Tips for delivering a great customer experience

Customer experience measurement is the practice of measuring customer experience – which includes all customer actions – at all “touchpoints” throughout the customer journey.

What is a touchpoint in customer experience?

A touchpoint is any interaction a customer has with your business: a phone call, a website visit, an email, a shipment – any time a customer “touches” your business. The only way we can get a better understanding of customers and their needs is by measuring the customer experience. Not only does measuring customer experience enable you to cater to customers’ expectations, it also lets you measure how effective your customer experience strategy is.

How to measure the customer experience (CX)

Designing a great customer experience is only the first part — you must actually deliver on that experience, and then measure your CX satisfaction to make sure you’re delivering a great CX for your customers.

Highlight all touchpoints

Study your customer’s journey from beginning to end, and sketch the whole customer experience according to the customer’s point of view.
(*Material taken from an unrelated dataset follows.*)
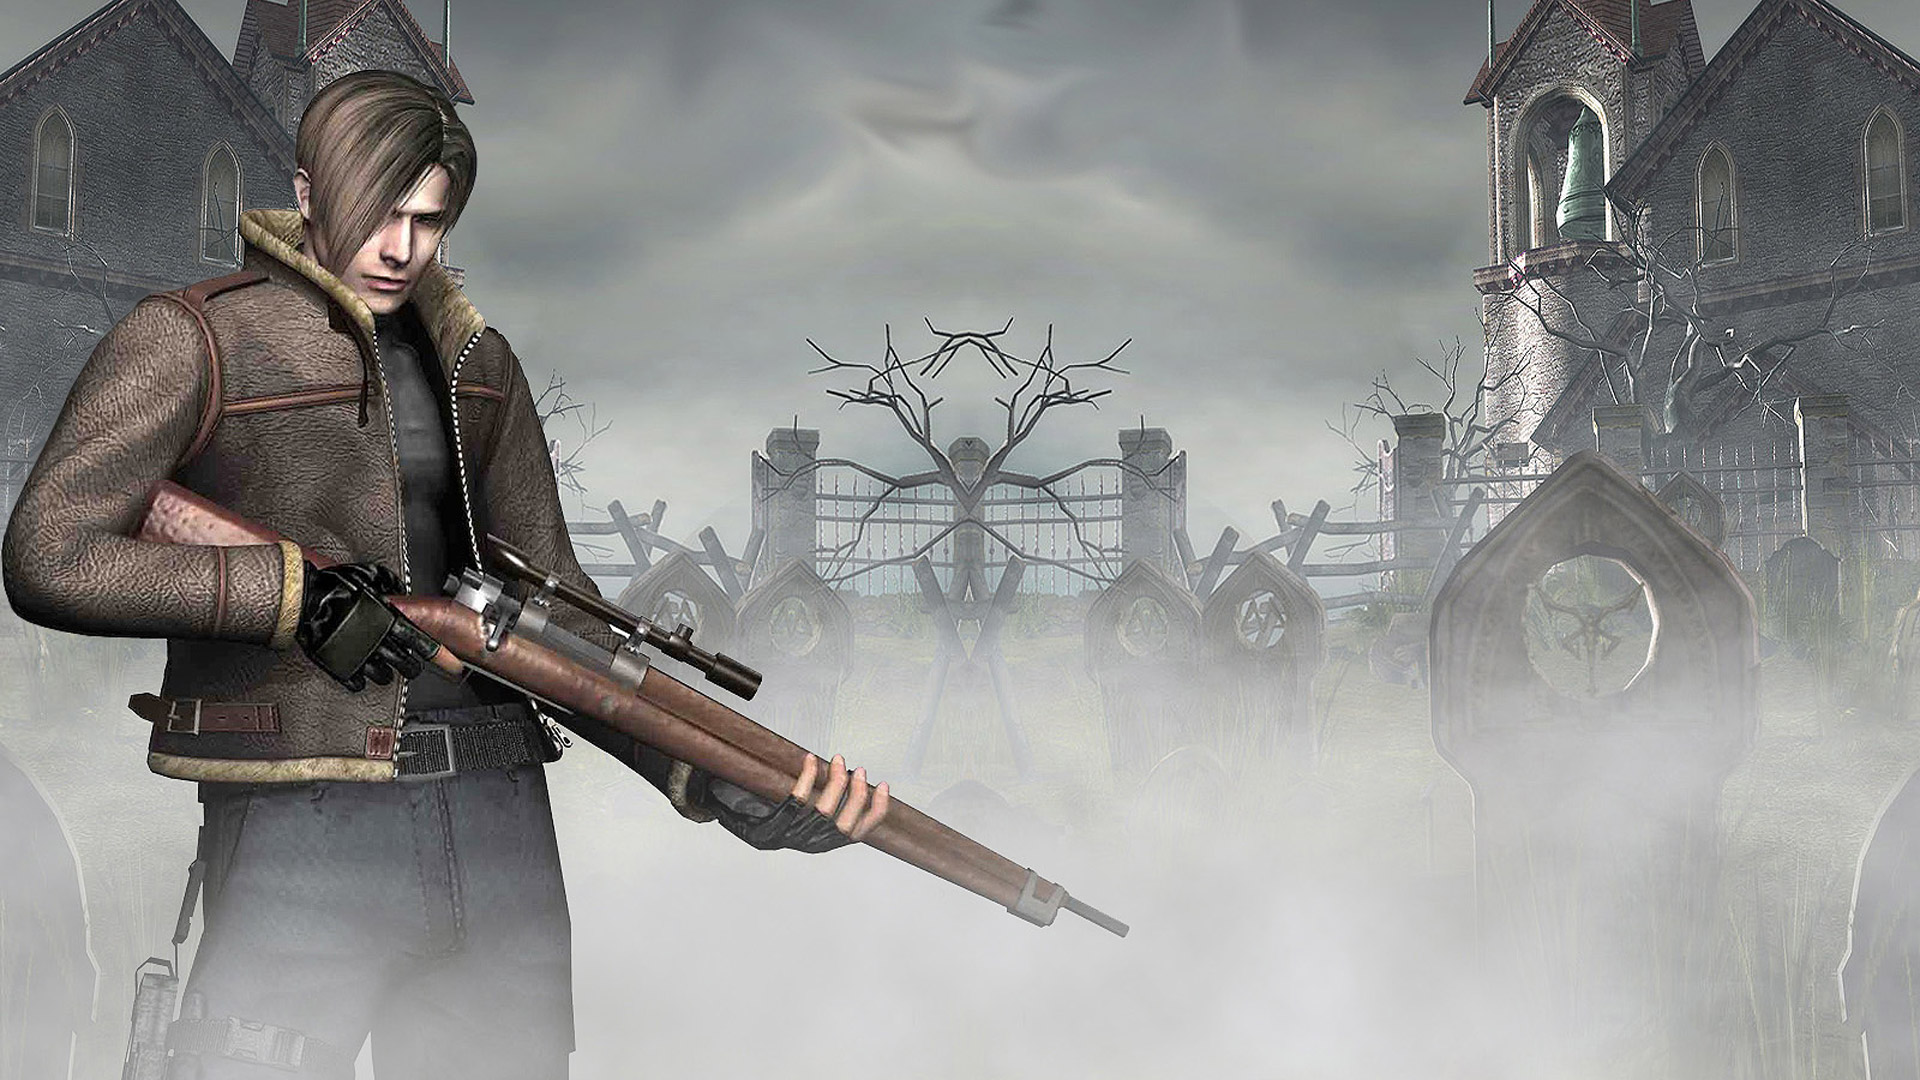 Steam resident evil 4 ultimate hd фото 18

Select the touchpoints that are defining moments for the customer, and establish metrics for every touchpoint, or metrics that specifically evaluate each touchpoint’s performance.

Understand your customer

When you understand your customers, you can think like them, and can offer products and services to better engage them and provide excellent experiences. It’s important to know their greatest needs and expectations — what makes them happy and what you should continue doing to retain them. Draw a map by creating a timeline of the customer’s journey and defining what is essential at each touchpoint along the journey.

Solve the key problem areas

Once you’ve identified all the touchpoints, highlight the key areas of concern and start working on them systematically. Identify and highlight each problem, and come up with solutions that will specifically address these problems.

Select the right metrics

When you have all the important touchpoints and have found solutions to key problem areas, you’re ready to start measuring the results of your efforts. To do this effectively you need to choose the right business metrics to analyze. Here are a few common customer experience metrics you can use:

  • Net Promoter Score (NPS): The NPS is an index that ranges from -100 to 100 that indicates how willing a customer is to recommend a company’s products or services to others. It divides customers into three categories: Promoters (loyal + satisfied), Passives (satisfied + unenthusiastic), and Detractors (unsatisfied + unenthusiastic). First Contact Resolution
  • (FCR): FCR gives an indication of how well you resolve customers’ support requests the first time by tracking the number of interactions in a case. Tracking your FCRs helps you see what you can do to keep the average number of interactions low.
  • Customer Satisfaction Score (CSAT): CSAT is the average score awarded to your brand according to customer answers on a survey. Small businesses use CSAT scores to determine how satisfied customers were with specific products or services.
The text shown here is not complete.